The facts of the case here are in a narrower compass compared to the cases discussed as above, the difference in goods only being that of concentrated or diluted. Both of them are named ceramic colours only. Test reports indicated that they have similar composition as rightly held by the Learned Commissioner for the subsequent period. Therefore, there is no doubt that the goods exported and the goods cleared by the appellants are similar in terms of Para 6.8 of FTP. Moreover, the fact that Development Commissioner has issued permission is not denied - In view of the judgement in COMMISSIONER OF C. EX., HYDERABAD VERSUS NOVAPAN INDUSTRIES LTD. [2007 (1) TMI 5 - SUPREME COURT], the Order-In-Original should hold good for the earlier period also. It is pertinent to note that the department did not bring forth any change in the circumstances or the quality of the goods exported and cleared in DTA by the appellant.
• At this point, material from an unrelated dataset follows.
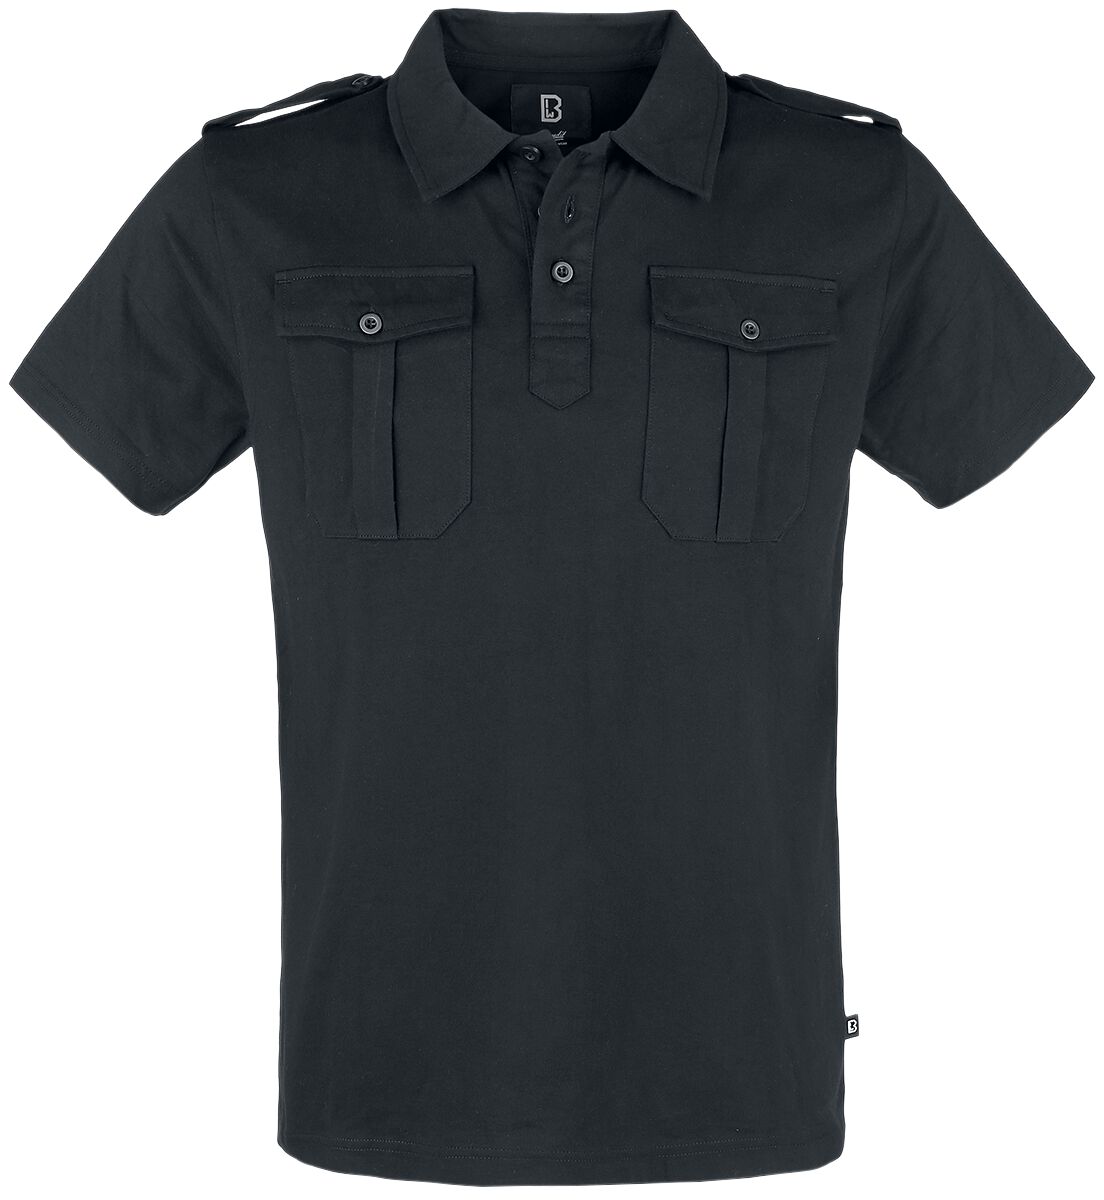 Brandit Poloshirt - Jersey Poloshirt Jon Shortsleeve - L bis 7XL - für Männer - Größe 3XL - schwarz

The department has wrongly tried to differentiate between the goods on the basis of physical characteristics or the price of the same.
Thus, the department has wrongly tried to differentiate between the goods on the basis of physical characteristics or the price of the same.
Time Limitation - HELD THAT:- The permission given by the Development Commissioner would certainly indicate the products which are to be exported and cleared in DTA. When the description is ceramic colours, in both export as well as DTA clearance documents, the department was within their rights to call for clarification from the Development Commissioner or the appellants so as to satisfy themselves. This having not been done, it is not open for the department to invoke extended period, alleging that the appellants have suppressed some information, after considerable lapse of time. No suppression, leave alone intent evade duty has been established - the goods cleared in DTA by the appellants in DTA are similar to those exported and that there are no violations provisions of either paragraph 6.8 of FTP or Central Excise notification 23/2003, the appeal survives on merits - the issue of limitation will be inconsequential.
Appeal allowed - decided in favor of appellant.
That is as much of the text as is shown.